OpenWrt One - celebrating 20 years of OpenWrt

Daniel Santos daniel.santos at pobox.com
Mon Jan 15 11:16:55 PST 2024


On 1/10/24 08:18, Forest Crossman wrote:
> On Tue, Jan 9, 2024 at 4:52 AM John Crispin <john at phrozen.org> wrote:
> ---SNIP---
>> * Why is there no USB 3.x host port on the device?
>> - the USB 3.x and PCIe buses are shared in the selected SoC silicon,
>> hence only a single High-Speed USB port is available
> Perhaps you've already considered this, but it may be possible to
> route the shared PCIe/USB 3 traces to both an M.2 slot and a USB 3
> host port using a high-speed dual-channel differential 1:2/2:1
> switch/mux. It wouldn't enable both interfaces to be used at the same
> time, but it would make it possible to select which interface is
> enabled using a GPIO pin.

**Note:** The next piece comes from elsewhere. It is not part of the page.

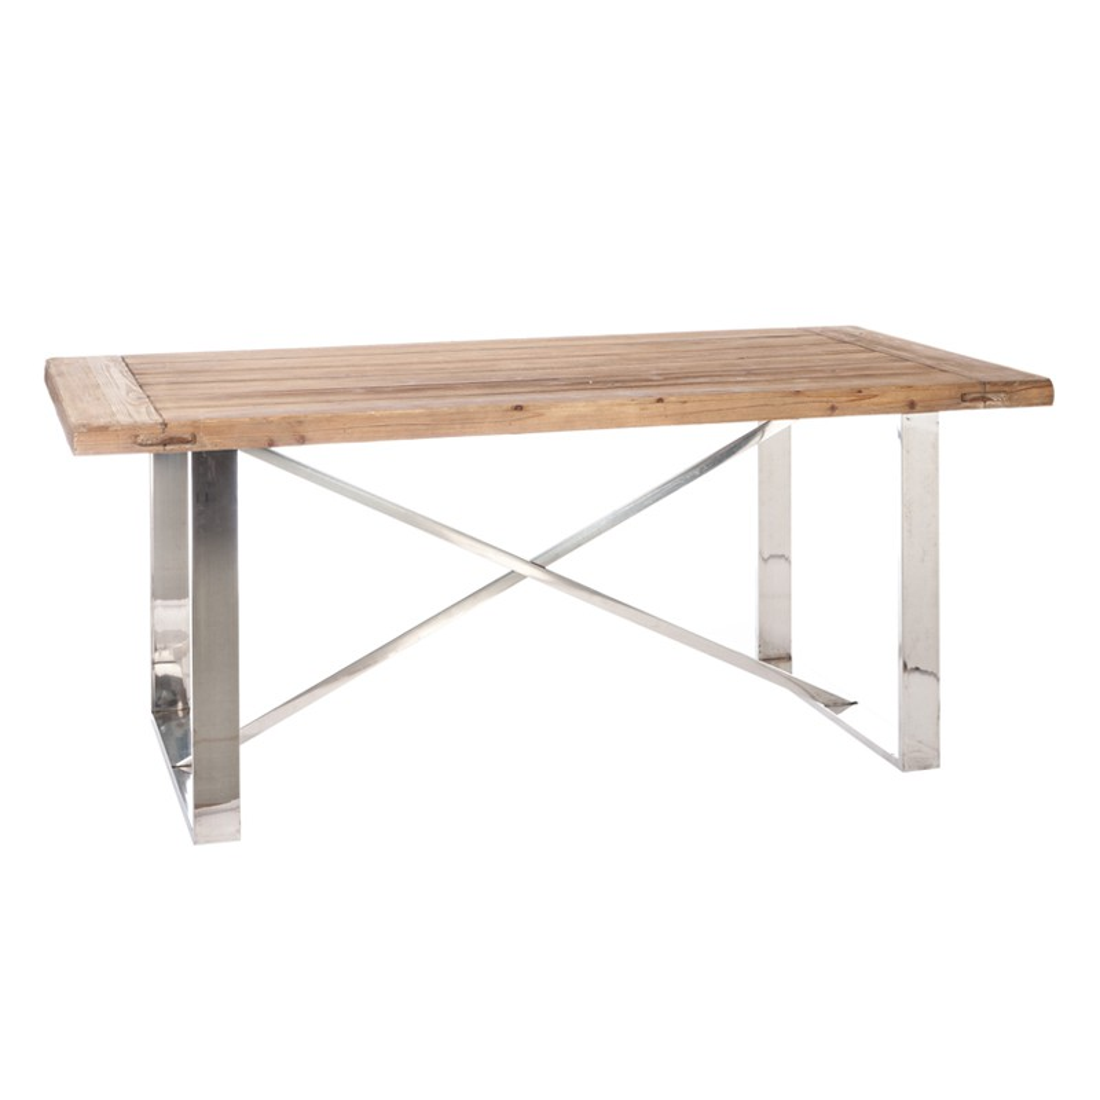 table de repas bois naturel et m tal brillant beny univers salle manger. Black Bedroom Furniture Sets. Home Design Ideas

Then U-boot could either automatically
> enable one port or the other depending on what devices it detects
> (e.g., enable PCIe and disable USB 3 if a PCIe device is connected,
> otherwise enable USB 3 and disable PCIe), or it could be statically
> configurable via a U-boot environment variable.
>
>  From some quick searching, the switches/muxes that would enable this
> cost less than $1 each in qty. 1000. For a <$100 product I understand that
> may be too much of an increase to the BoM cost and PCB complexity, but
> I think users would really appreciate being able to choose between
> being able to add an M.2 SSD, WiFi card, or SATA controller and being
> able to plug in a USB 3.x 2.5 GbE adapter, SSD/flash drive, WiFi
> dongle, or 5G modem.
>
> All the best,
> Forest
>

I'm always a fan of a single PCB design that *can* be built in different 
configurations. So would suggest a design where differential mux can be 
left unpopulated to create a product w/o USB 3 support. But of course, 
this doesn't overcome EMI concerns Daniel Golle mentioned.